Most of us understand what Pentecost represents as a Christian Festival but to understand its significance we also need to understand what it represented as a Jewish festival. To the Jews, Pentecost was, and still is, a festival to mark God giving the Ten Commandments. It occurs 49 days after Passover to reflect the Jewish understanding, from biblical texts, that God gave the Jews the Ten Commandments 49 days after they had been liberated from Egypt on the first Passover. The Ten Commandments were a great move forwards in the history of religion. It is one of the very first ethical codes adopted by any religion anywhere. The commandments marked a transition from assuming that religion was primarily about appeasing God, or the gods, by religious ritual, particularly those involving animal sacrifice, to a view that religion should guide how we live our everyday lives.

The commandments were still, however, essentially a list of laws. It wasn’t long before those ten laws multiplied within Jewish culture. The books of Deuteronomy and Leviticus are almost entirely composed of laws. Laws about what you should eat, how you should worship, how you should dress. As a church we visited the Manchester Jewish Museum within the old Synagogue on Cheetham Hill Road just north of the city centre.

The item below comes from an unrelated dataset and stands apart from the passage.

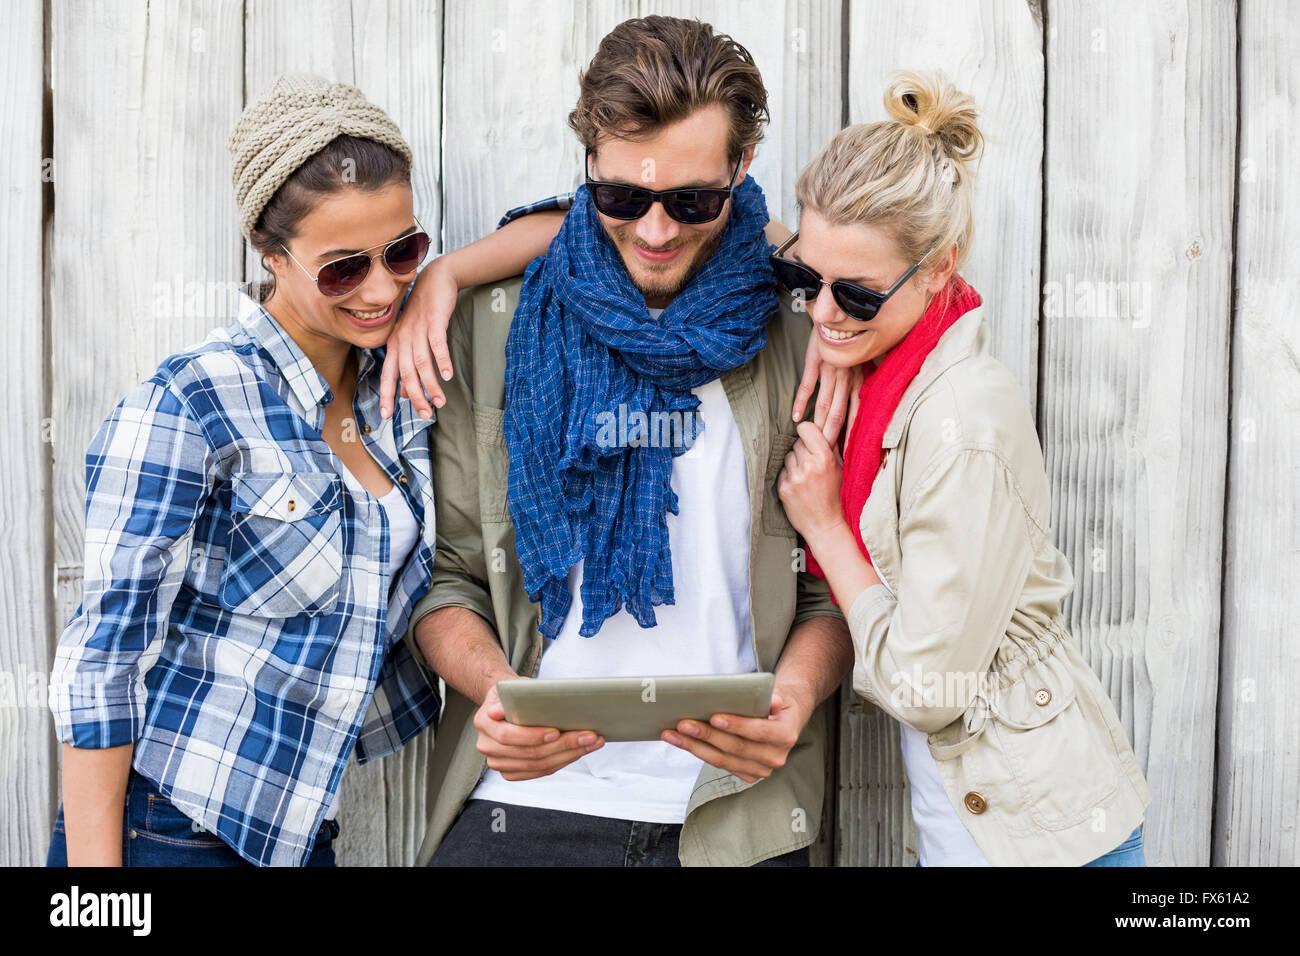 Friends using digital tablet - Stock Image

It was fascinating visit but left me quite depressed at the emphasis there seemed to be observing what seemed to be as rather petty rules.

The early Christian movement presented something quite different – a new relationship with God not through observance of laws but through a personal relationship with the Spirit written in our hearts. It is now coincidence that that movement remembers that gift as being given on the Jewish festival of Pentecost. The symbolism is that the emphasis on observation of the Law has been replaced by that on a personal relationship with God. We have replaced a Jewish festival which celebrates one with a Christian festival which celebrates the other.

So let us join in that celebration. Let us all recognise the Spirit of God written within our hearts. Let us be inspired by the disciples who first experienced God in their hearts and went out to do what is right. Let us be inspired by all those Christian Aid collectors who have experienced God in their hearts and are stepping out of the comfort of their homes to do what they believe is right.  Let us not be satisfied, either as individuals or as a society, with doing what is legal. Let us work for what is right. It is only through doing this that we will work together with each other and our God to build his Kingdom.